GNOME Bugzilla – Bug 681822
Blank nodes are always removed from HTML (regardless the option HTML_PARSE_NOBLANKS)
Last modified: 2017-06-17 10:51:55 UTC
Regardless if the option HTML_PARSE_NOBLANKS is set or not, blank nodes are removed from a HTML document, for example: <html> <head> <title>This is a test.</title> </head> <body> <p>This is a test.</p> </body> </html> is read as: <html><head><title>This is a test.</title></head><body> <p>This is a test.</p> </body></html> (Reproduced with the version 2.8.0.)
Created attachment 221122 [details] [review] Preliminary bug fix Probably this bug fix is incorrect, but it does what I need.
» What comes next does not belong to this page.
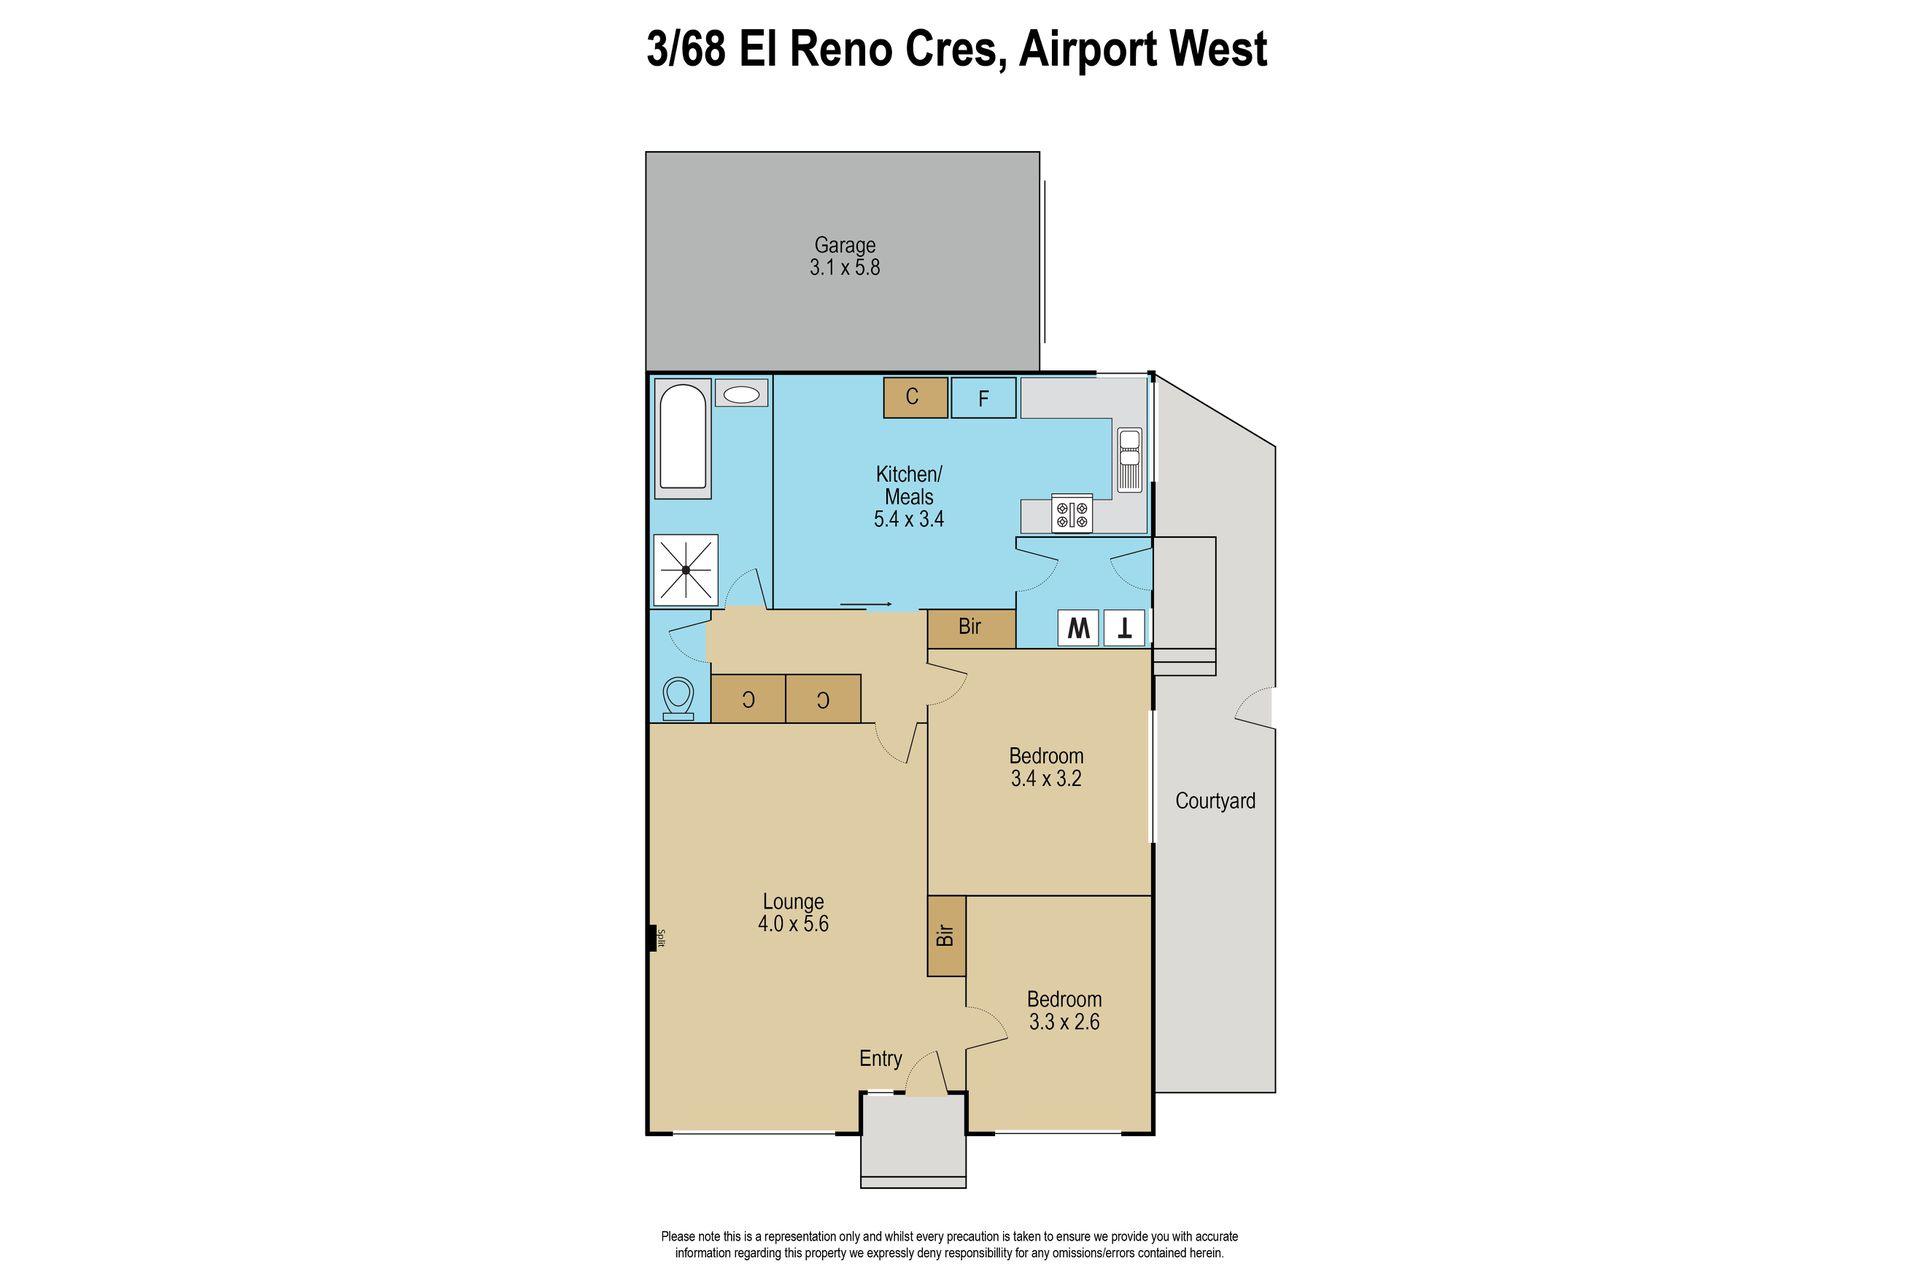 3 / 68 El Reno Crescent, Airport West
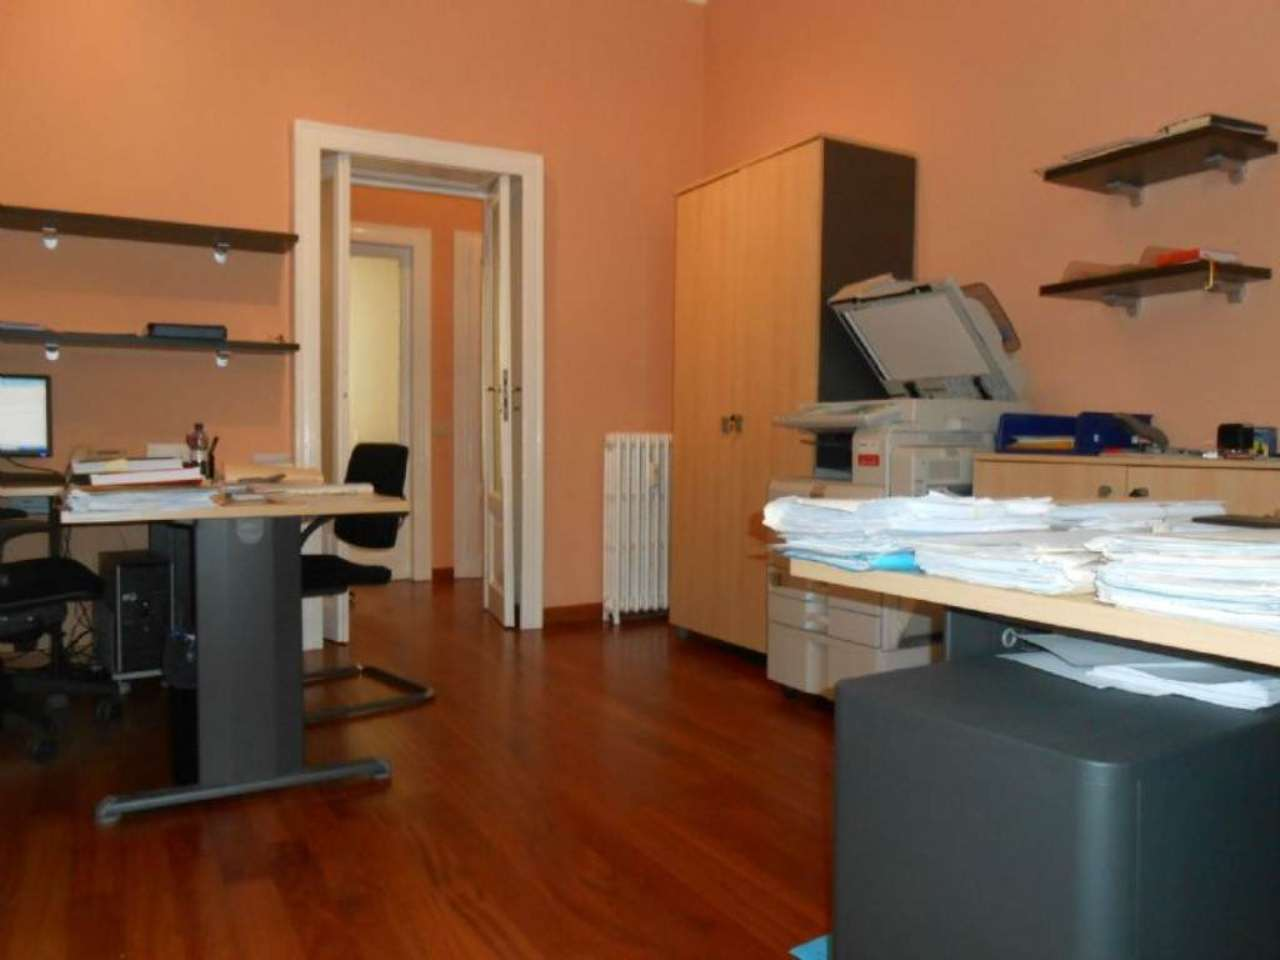 Appartamento in affitto a Milano, 2 locali, zona Zona: 1 . Centro Storico, Duomo, Brera, Cadorna, Cattolica, prezzo € 1.800 | Cambio Casa.it

Okay, i agree that having 1 useless parser flag setup by default and forcing loss of data is not a good situatin, so i applied a patch based on yours fixing the issue. I will check how it goes uspstream hopefully we can keep as-is without adding a new parser flag specifically for that behaviour http://git.gnome.org/browse/libxml2/commit/?id=f933c898132f20a50ba39ac6116378b71a01c700 thanks ! Daniel
*** Bug 642191 has been marked as a duplicate of this bug. ***
*** Bug 319716 has been marked as a duplicate of this bug. ***
*** Bug 675351 has been marked as a duplicate of this bug. ***
*** Bug 728997 has been marked as a duplicate of this bug. ***